Somatic hypermutation drives affinity maturation of Ag-specific Abs. Whereas chickens, sheep, and rabbits use gene conversion to diversify expressed Ig loci, mice and humans were thought to rely solely on untemplated somatic point mutations. In this issue, Dale et al. (p. 1252) demonstrate that somatic hypermutation in murine and human B cells use a gene conversion–like mechanism, referred to as templated mutageneis, to generate somatic variants. This mechanism was shared among human IgM+/IgG+/IgA+ CD138+ plasmablasts. The authors observed linkage disequilibrium between mutations, which inversely relates to the genetic distance between those mutations. Templated mutagenesis also uses donors from variable segments 5′ to the rearranged VDJ in both mice and humans, as well as from segments on the other allele. Finally, non-Ig sequences placed at the IgH locus mutate such that they share microhomology with tracts from the IgHV repertoire. Together, these studies indicate a role for templated mutageneis during somatic hypermutation of murine and human B cells.

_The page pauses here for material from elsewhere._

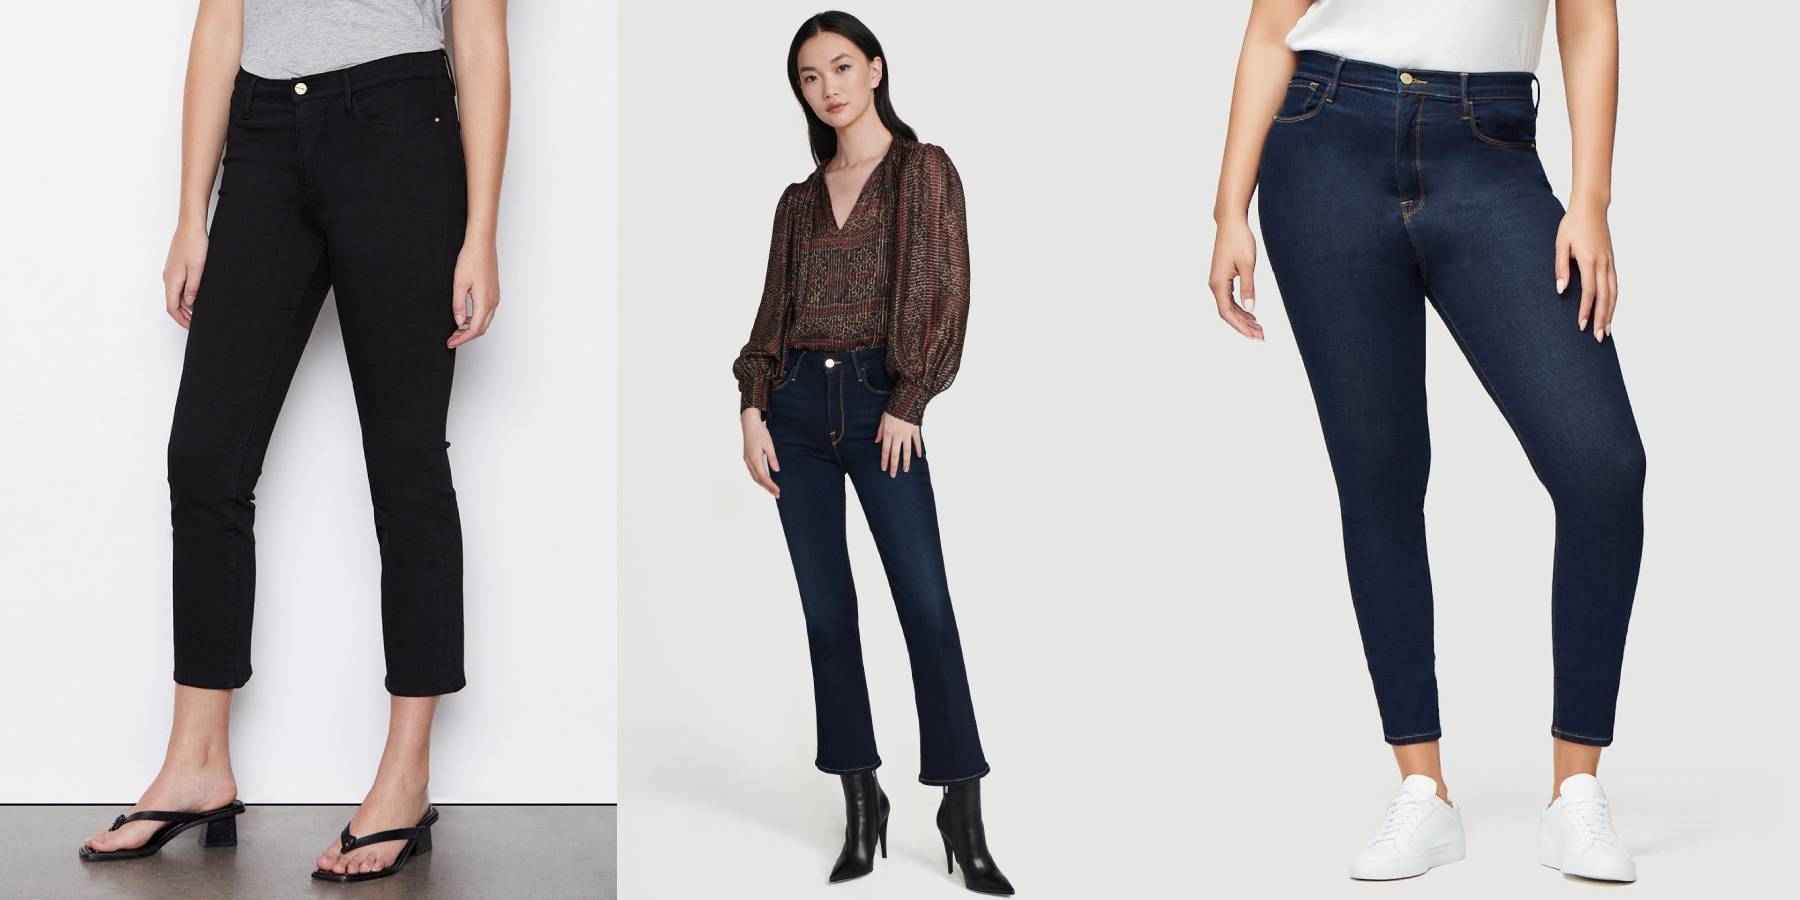 Women's FRAME Jeans & Denim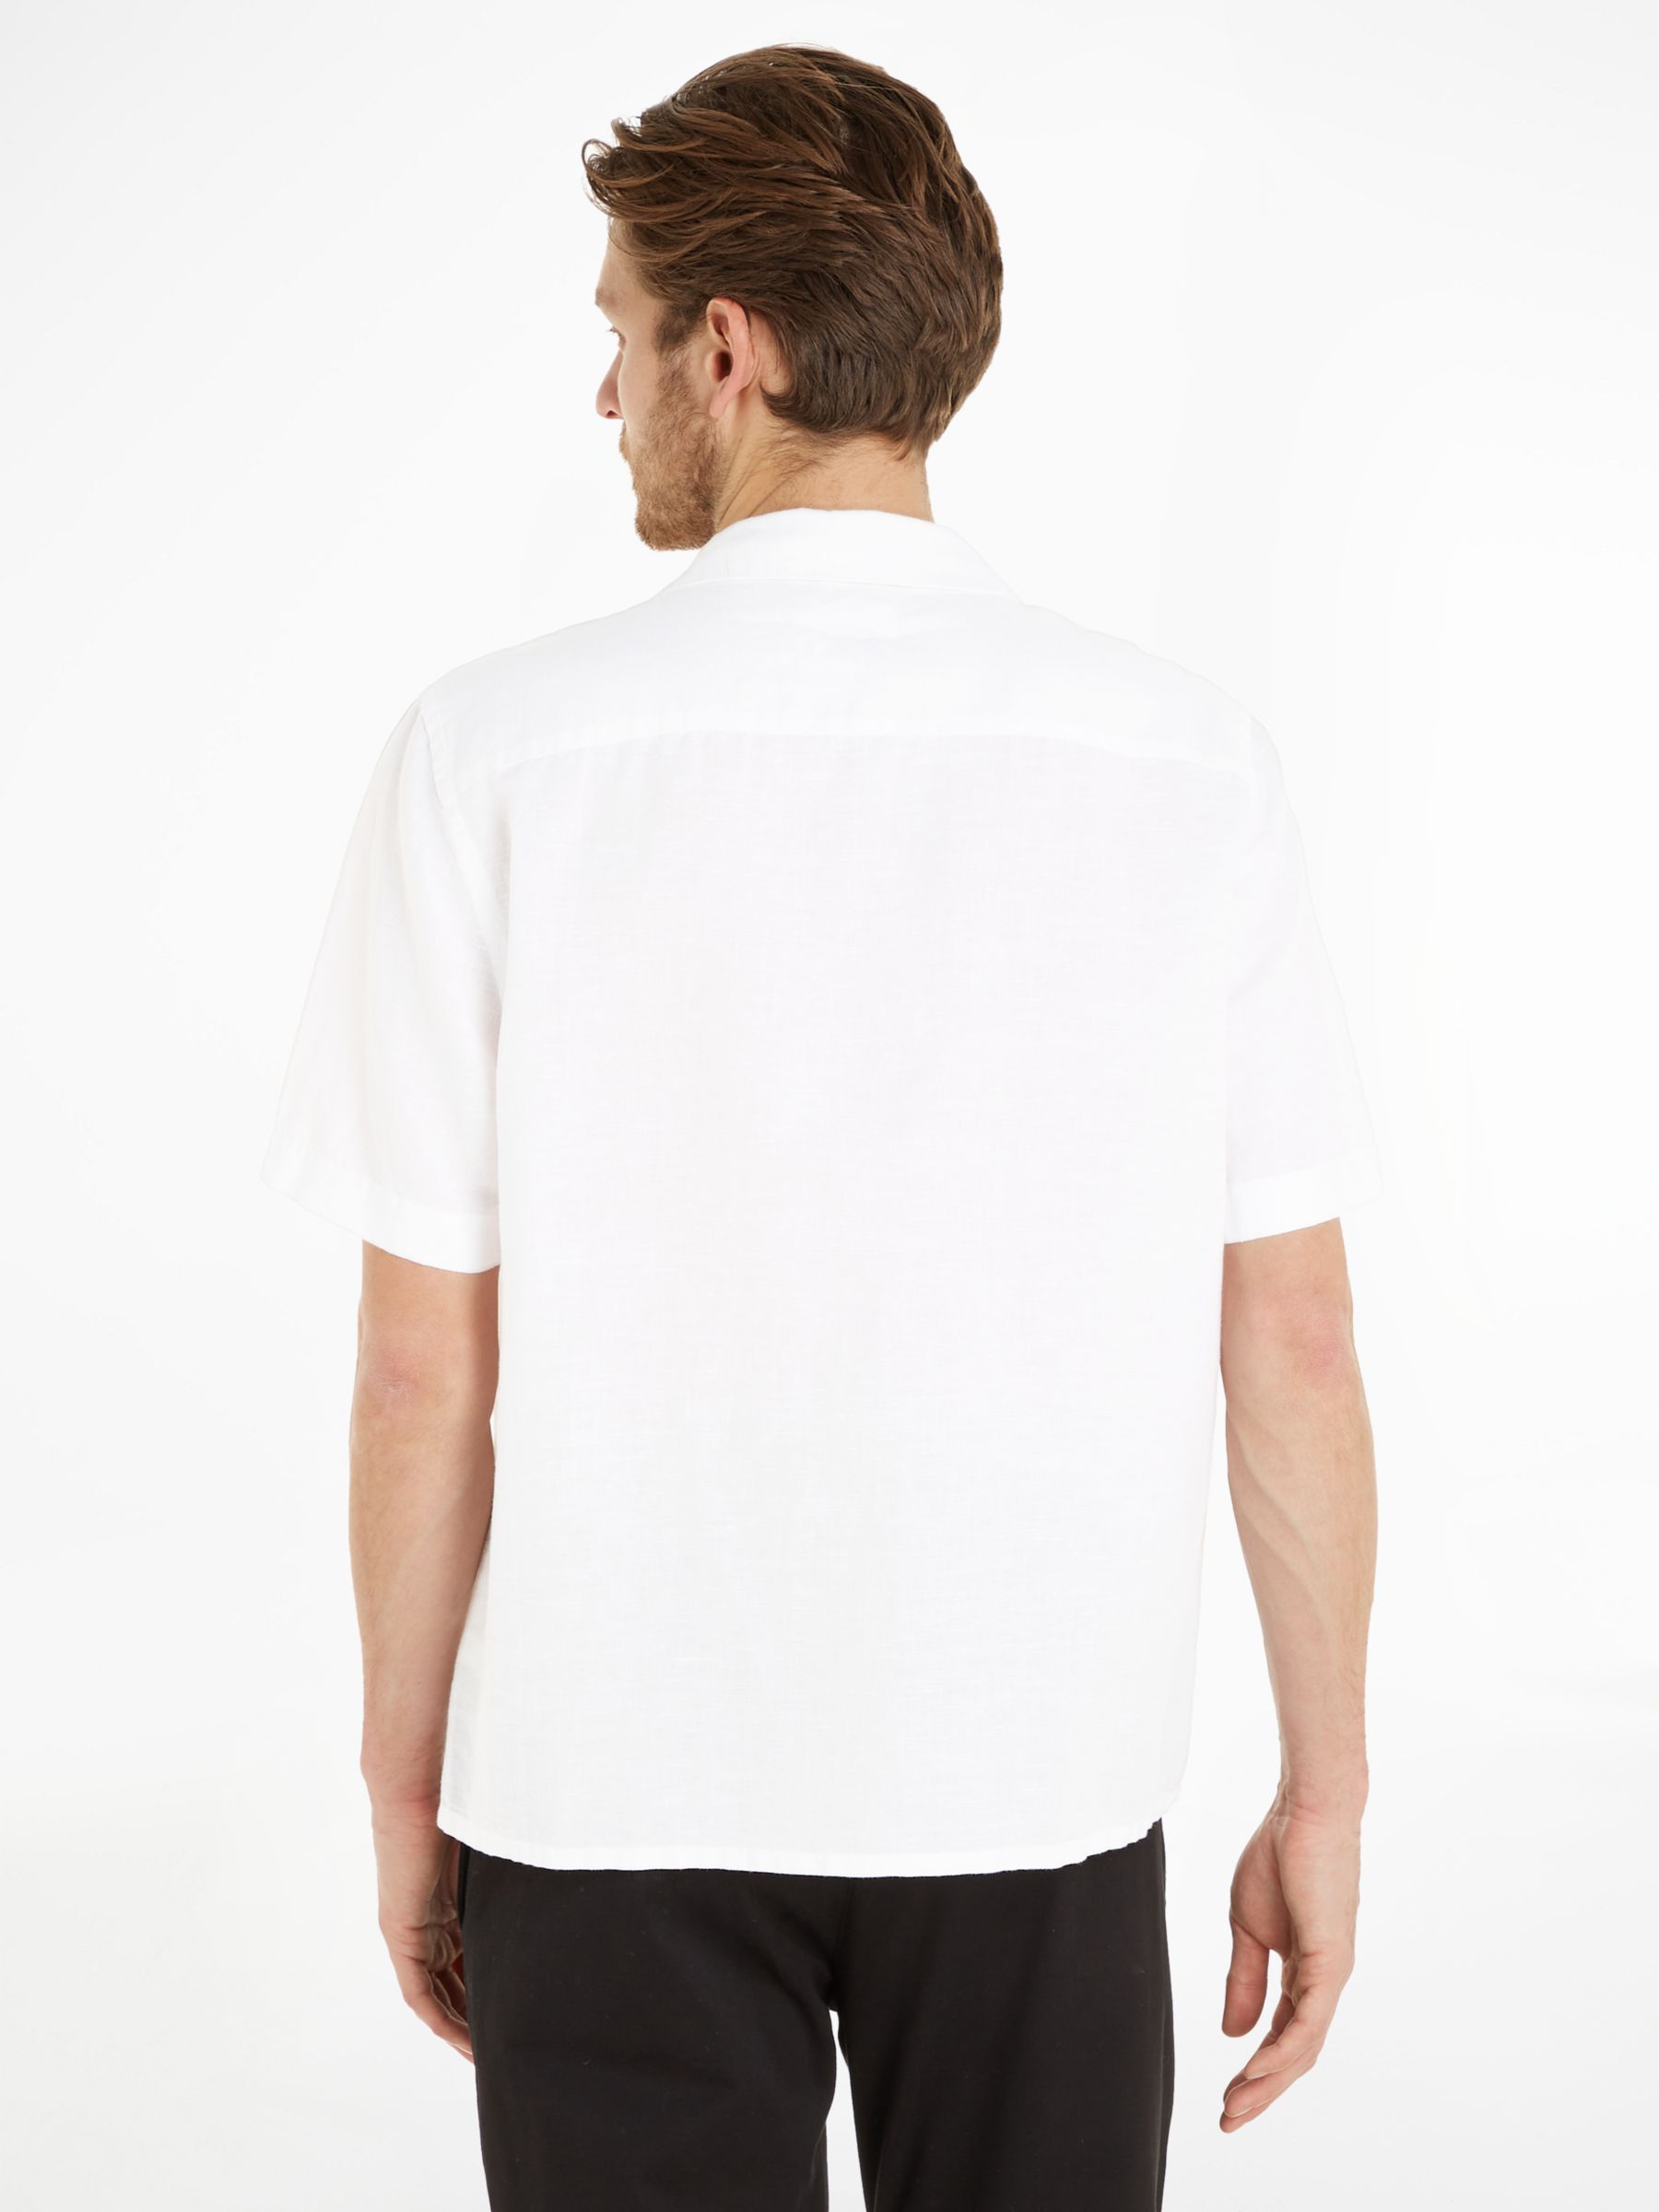 Calvin Klein Linen Blend Cuban Shirt, Bright White, L

Sepsis is usually treated with combination of broad-spectrum, high-dose antimicrobials. However, these regimens are not always successful. In this issue, Nowill et al. (p. 1298) induce a shift in adaptive immunity that, in addition to antimicrobial treatment, provides significant protection during sepsis. Therapeutic inoculation with Immune Response Shifter (IRSh), a combination of nine well-defined Ags against which most humans have preformed immune memory, was given to mice on days 0 and 4 following sepsis induction. Additionally, some IRSh-treated mice were given a course of the antibiotic imipenem. IRSh plus imipenem–treated mice showed a significant increase in survival compared with either treatment alone. T cell expansion was observed in the spleens of mice receiving imipenem alone, but a majority of these T cells, particularly the CD8+ subset, was also CD69+, suggesting hyperactivation and a proinflammatory response. Mice treated with both imipenem and IRSh showed a dramatic drop in the CD69+ CD8+ central memory T cells. Additionally, combination therapy reduced activation of naive T cell subsets. Proteomic analysis showed that proinflammatory mediators, molecules involved in cytokine storm, regulatory feedback proteins, and proapoptotic factors were differentially downregulated in surviving animals that received the combination treatment, compared with controls. Together, these data suggest a potentially improved sepsis treatment, in which patients could undergo systemic and repeated reactivation of established memory to reset unfavorable immune responses.